→ **Assigned task**:
Beneath this line are entries. Copy the range from the line with "Black Top Short Sleeve Madewell, Size L" to the line with "Pixi, Hydrating Milky", ends included, exactly; leave pictures out.

→ **Data section**:
Start of Block

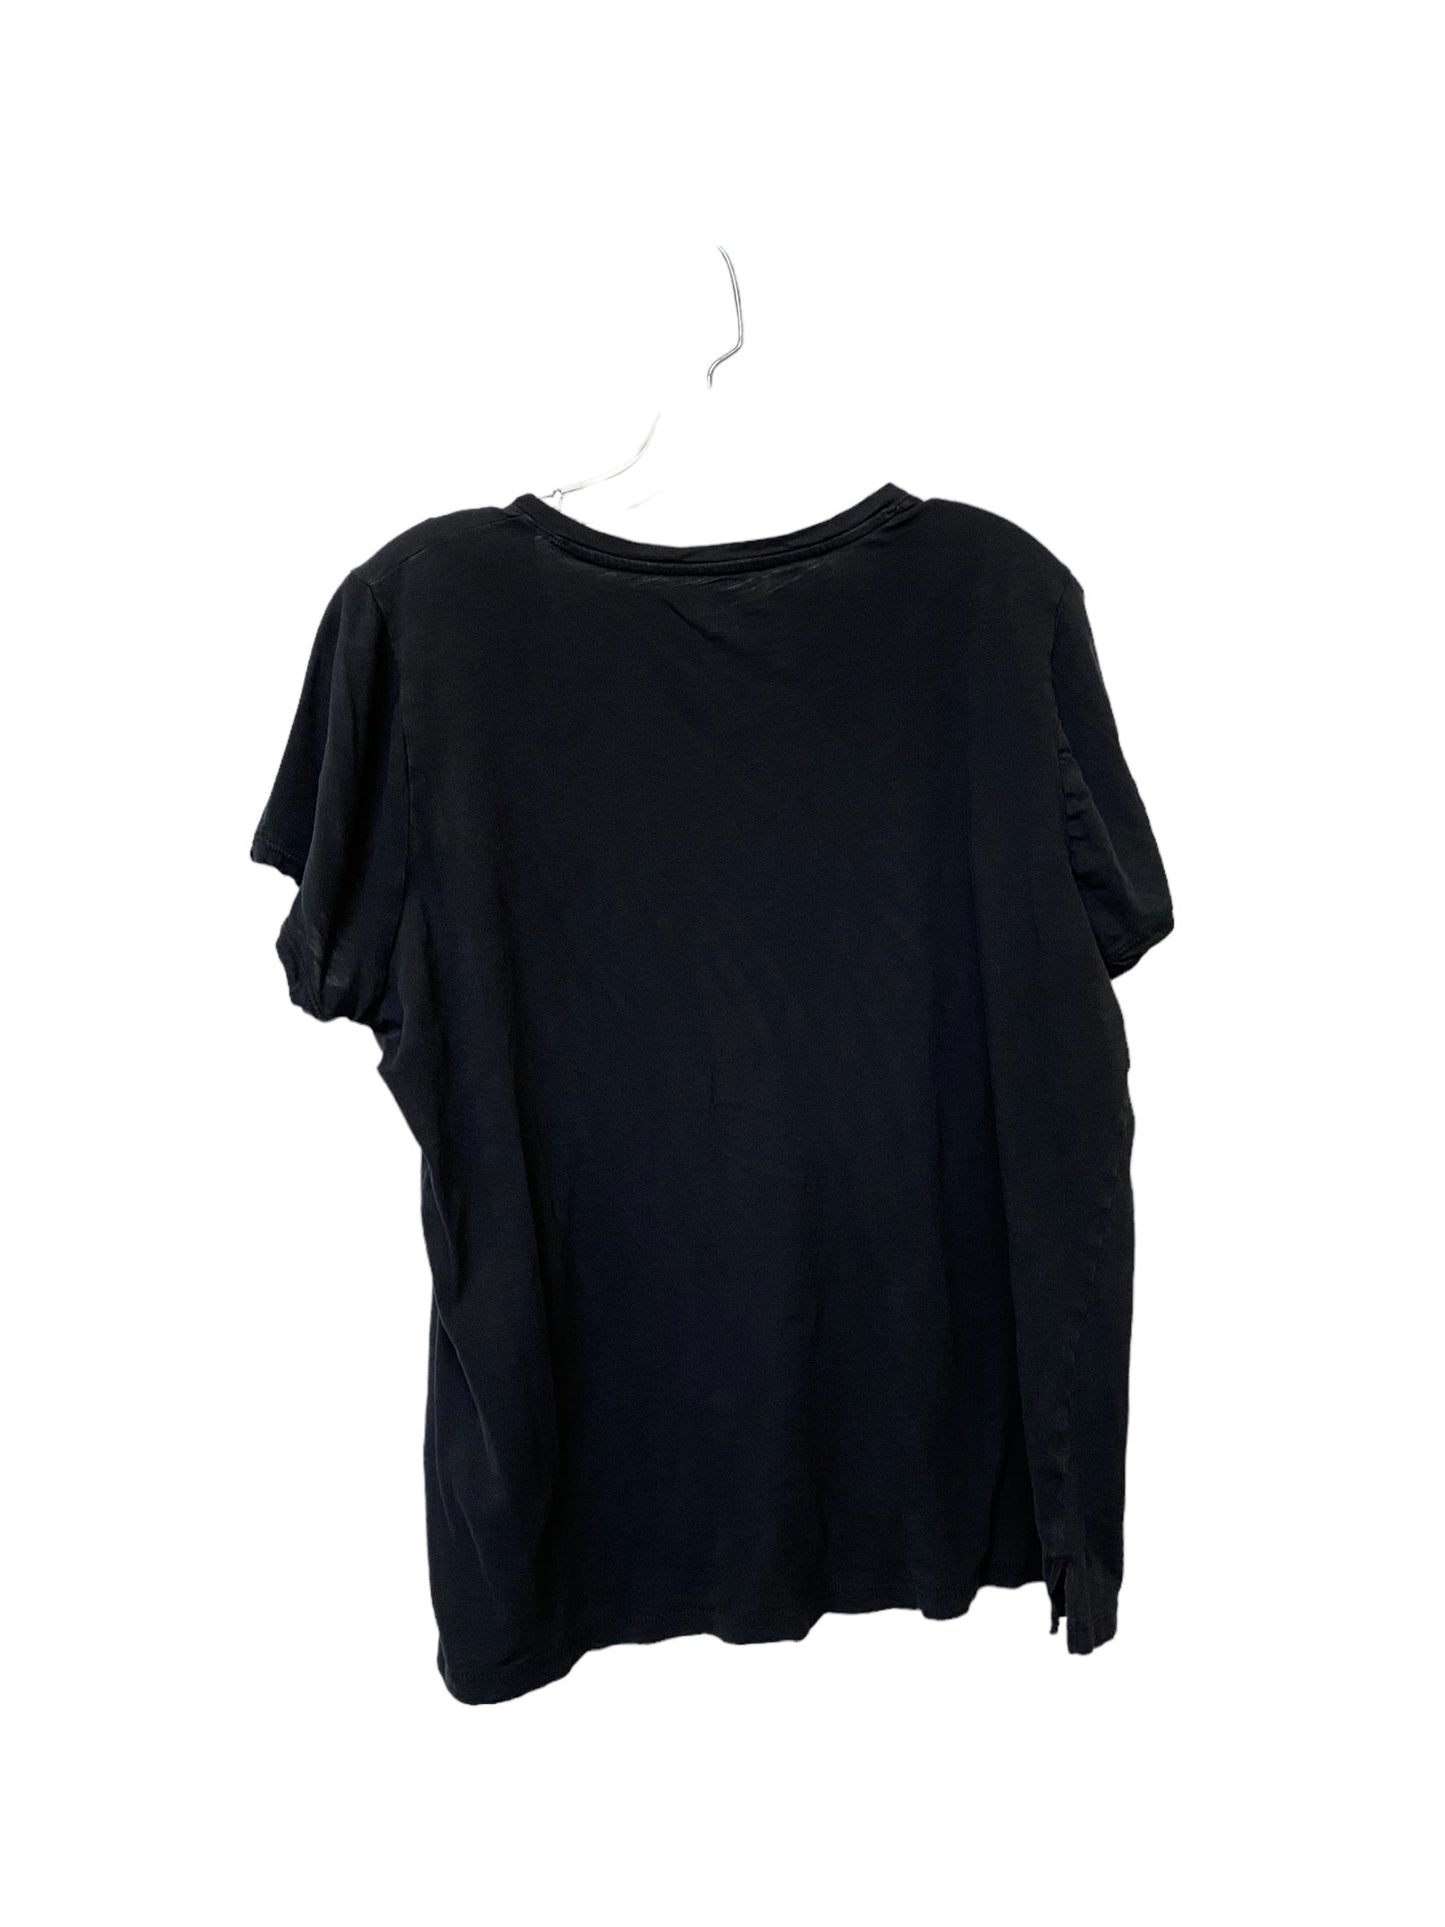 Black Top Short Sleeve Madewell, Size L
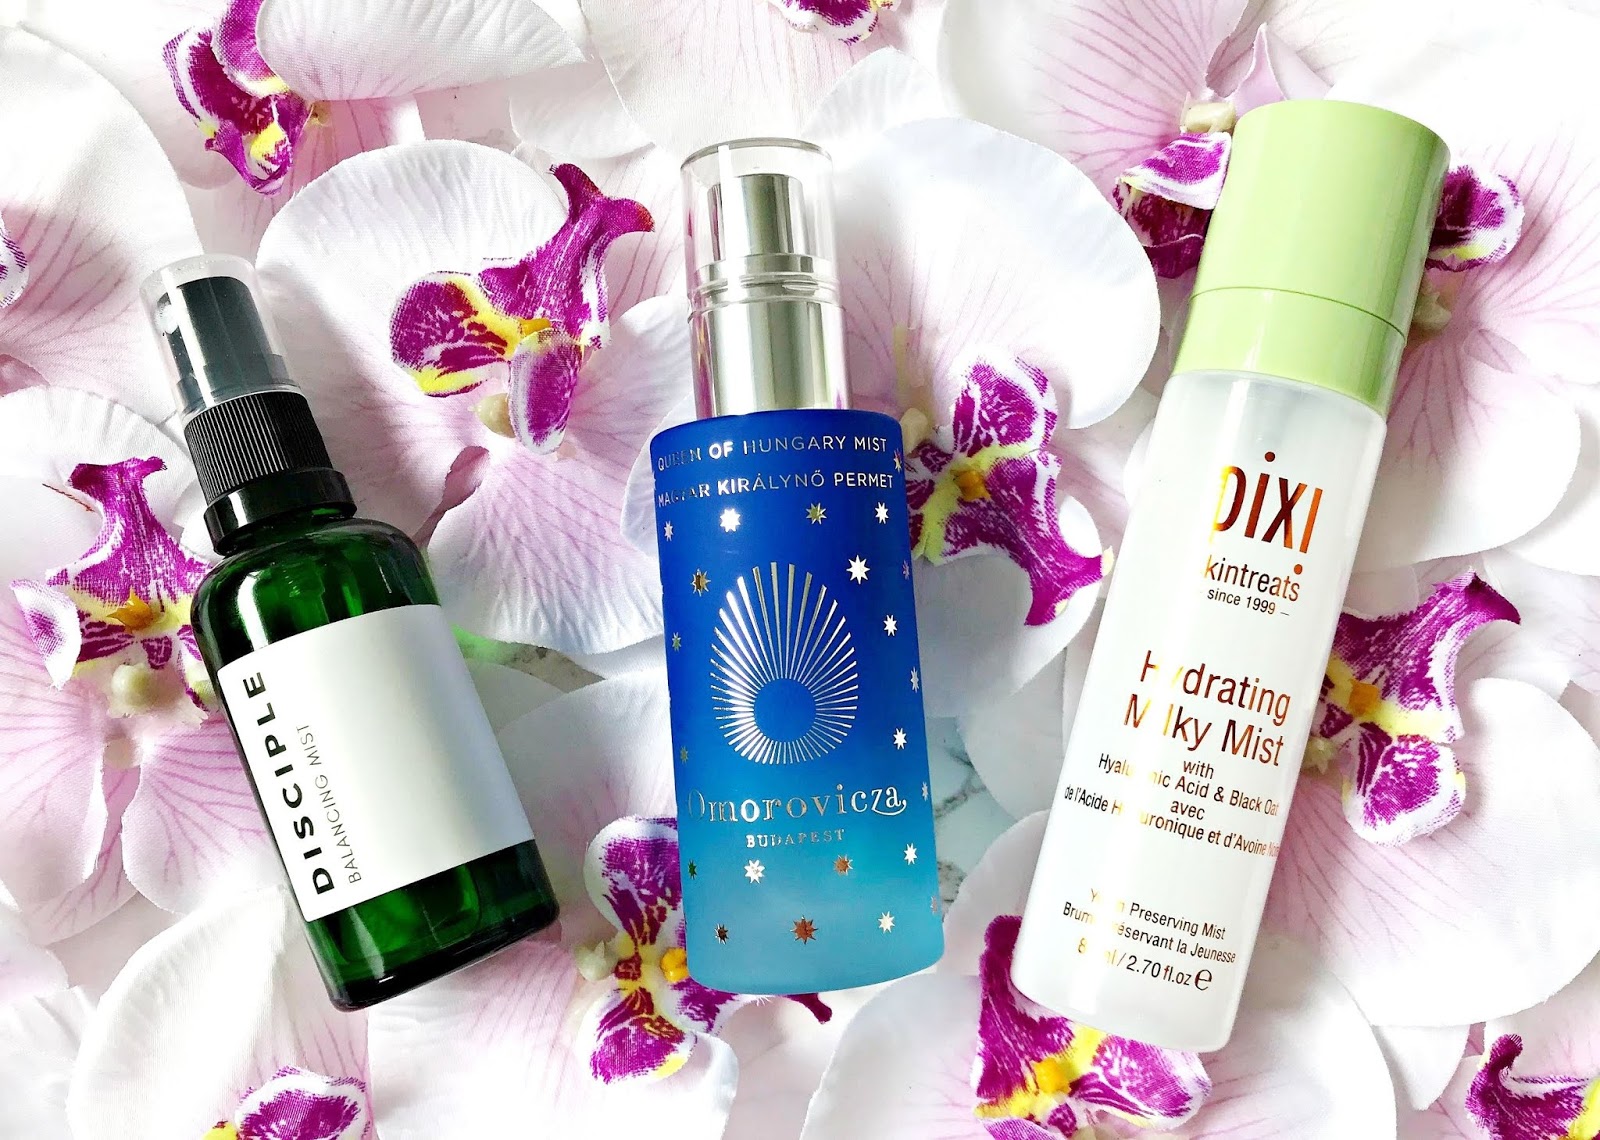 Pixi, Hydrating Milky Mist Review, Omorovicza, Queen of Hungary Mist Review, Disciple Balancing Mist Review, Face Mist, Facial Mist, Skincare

End of Block
Start of Block

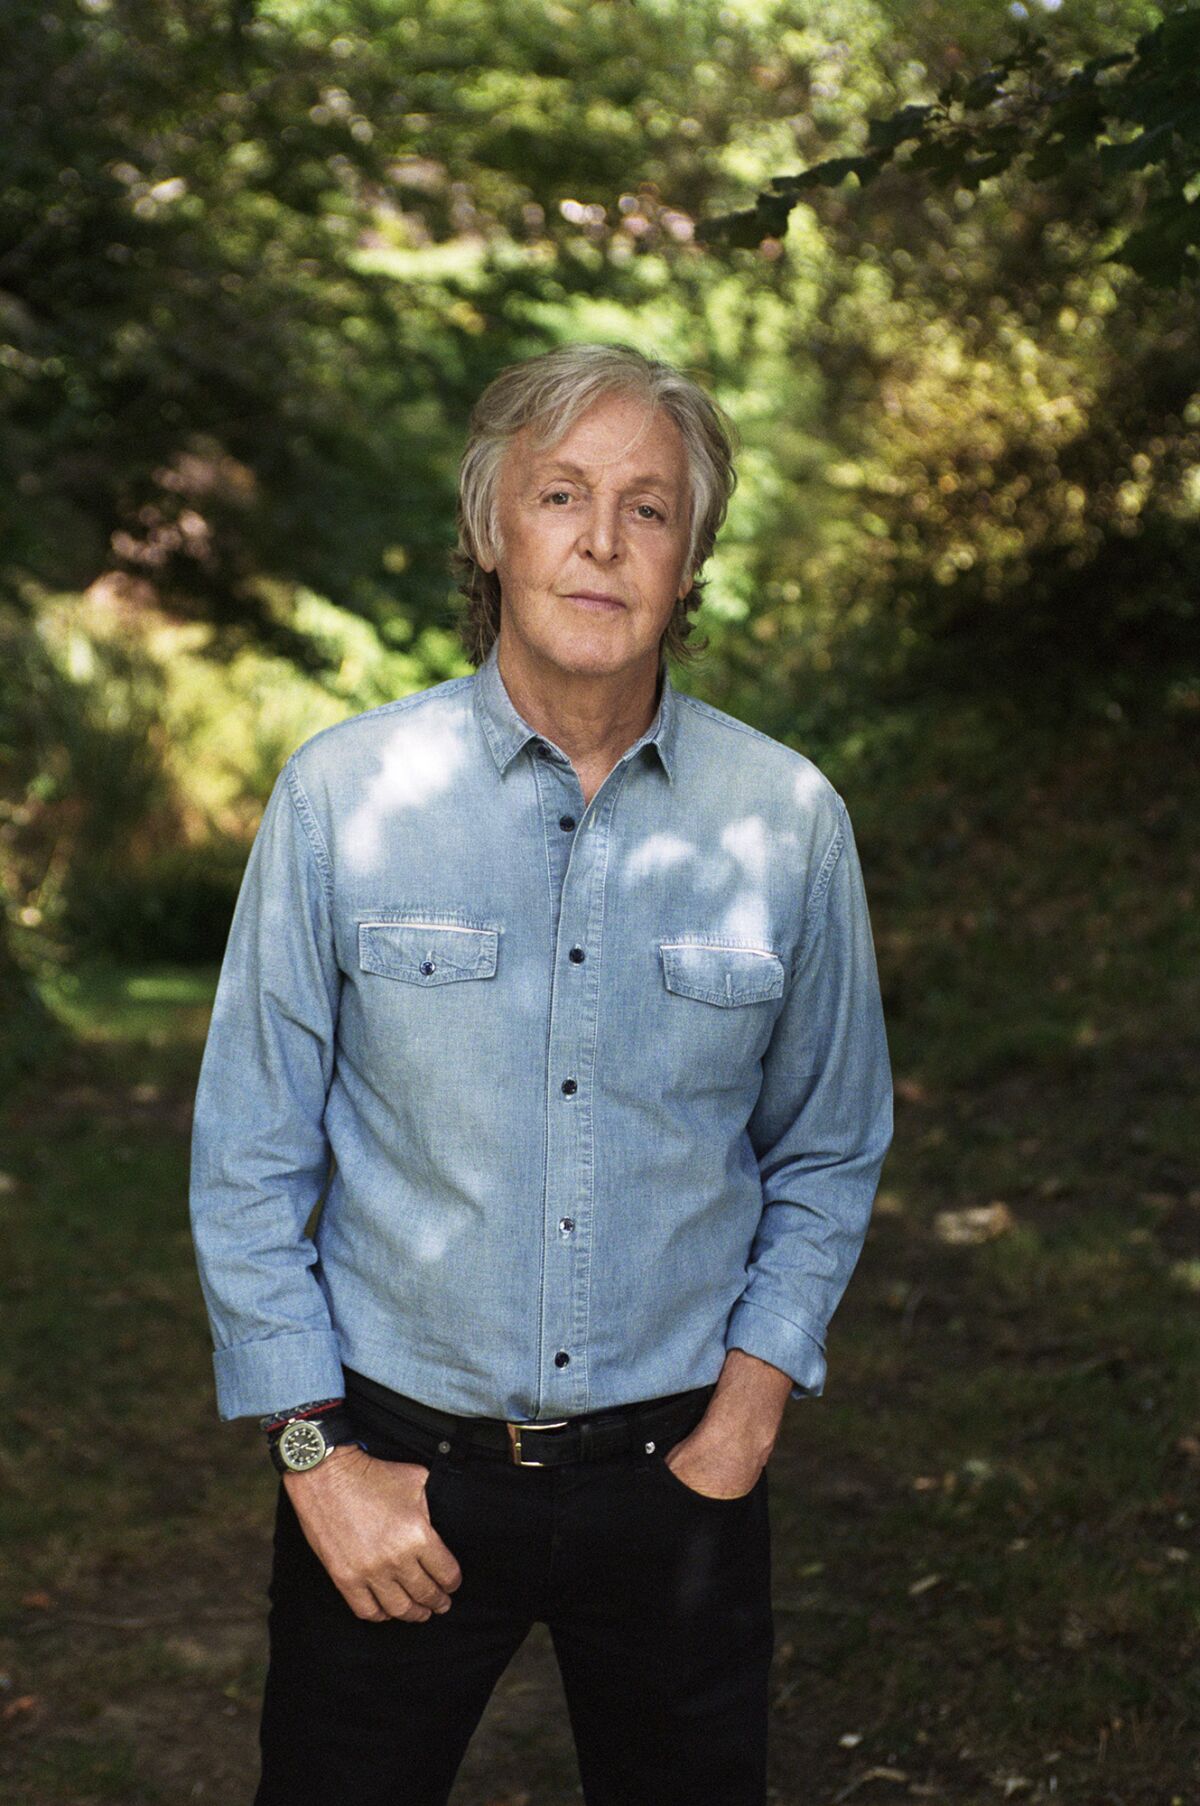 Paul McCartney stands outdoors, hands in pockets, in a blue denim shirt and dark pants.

End of Block
Start of Block

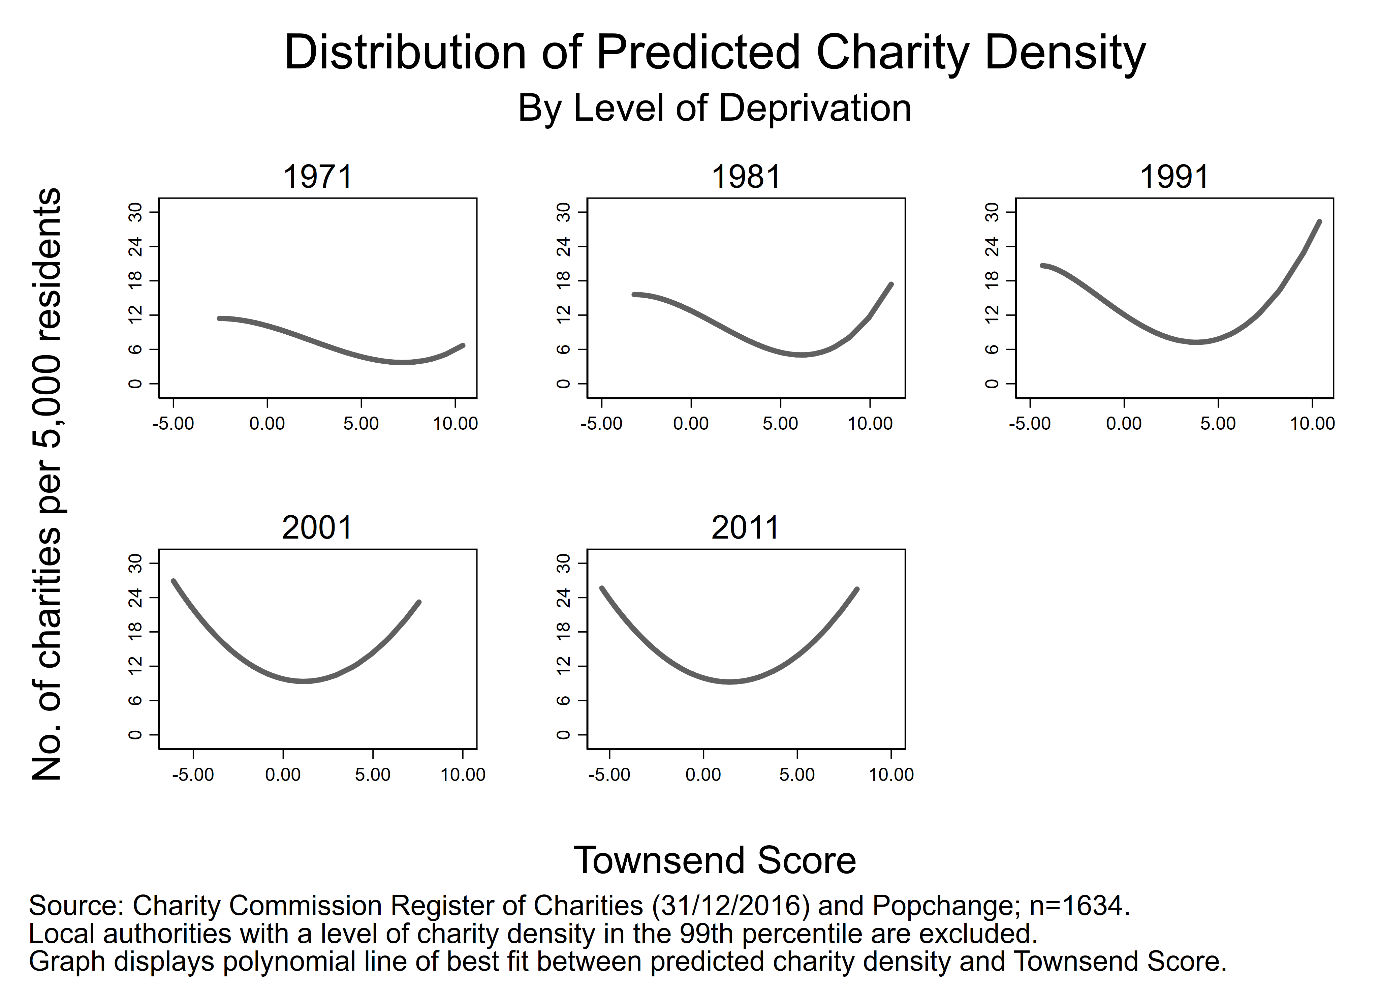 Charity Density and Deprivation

End of Block

→ **Answer area**:
 Black Top Short Sleeve Madewell, Size L
 Pixi, Hydrating Milky Mist Review, Omorovicza, Queen of Hungary Mist Review, Disciple Balancing Mist Review, Face Mist, Facial Mist, Skincare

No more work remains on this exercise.